Dark Phoenix marks the end of an era—the sweeping finale for one of the longest-running and most successful superhero franchises in film history. It also marks the second time that filmmakers have attempted to adapt the comics’ “Dark Phoenix” storyline, an adventure that combines the infinite and the intimate as Jean Grey fights for control of her mind after absorbing an unimaginably powerful cosmic force.

Dealing with these kinds of journeys—the treatment of a character’s interior life, and the end of their story altogether—has become an increasingly difficult challenge to navigate for fans who immerse themselves thoroughly and passionately in the fictional worlds of their favorite franchises. But professionals like licensed clinical psychologist Dr. Andrea Letamendi insist that these experiences and our subsequent attachments amount to much more than escapism or wish fulfillment; rather, they provide the building blocks, and opportunities to practice dealing with real-life trauma and loss. Moreover, they encourage our understanding and empathy of life experiences that may not be like our own, and more importantly, our acceptance of choices made that we may fundamentally disagree with.
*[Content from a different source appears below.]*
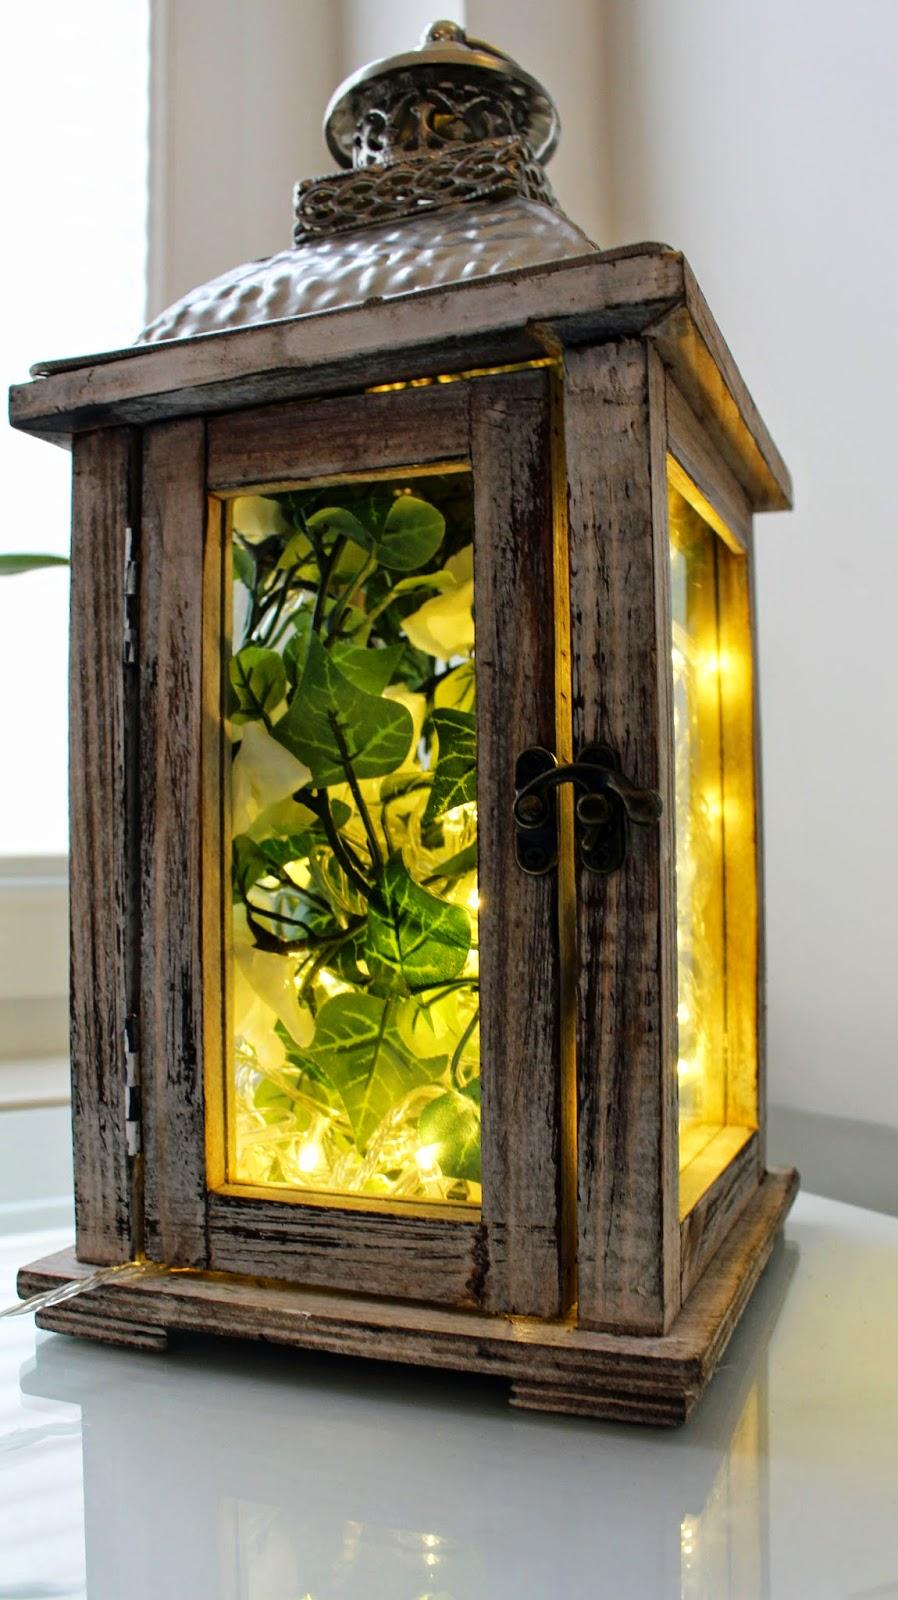 Laterne dekorieren frhling fabulous valery madelyn for Laterne dekorieren herbst

Letamendi, who also runs the Arkham Sessions podcast focusing on the psychological underpinnings of Batman: The Animated Series, recently spoke with Nerdist about the treatment of Jean Grey in Dark Phoenix, the ending of the X-Men series’ almost 20-year run, the complex relationships that fans have with the properties they care strongly and vividly about, and the emotional pitfalls and opportunities of investing in fictional characters and narratives as a way to prepare oneself for the bigger challenges of reality.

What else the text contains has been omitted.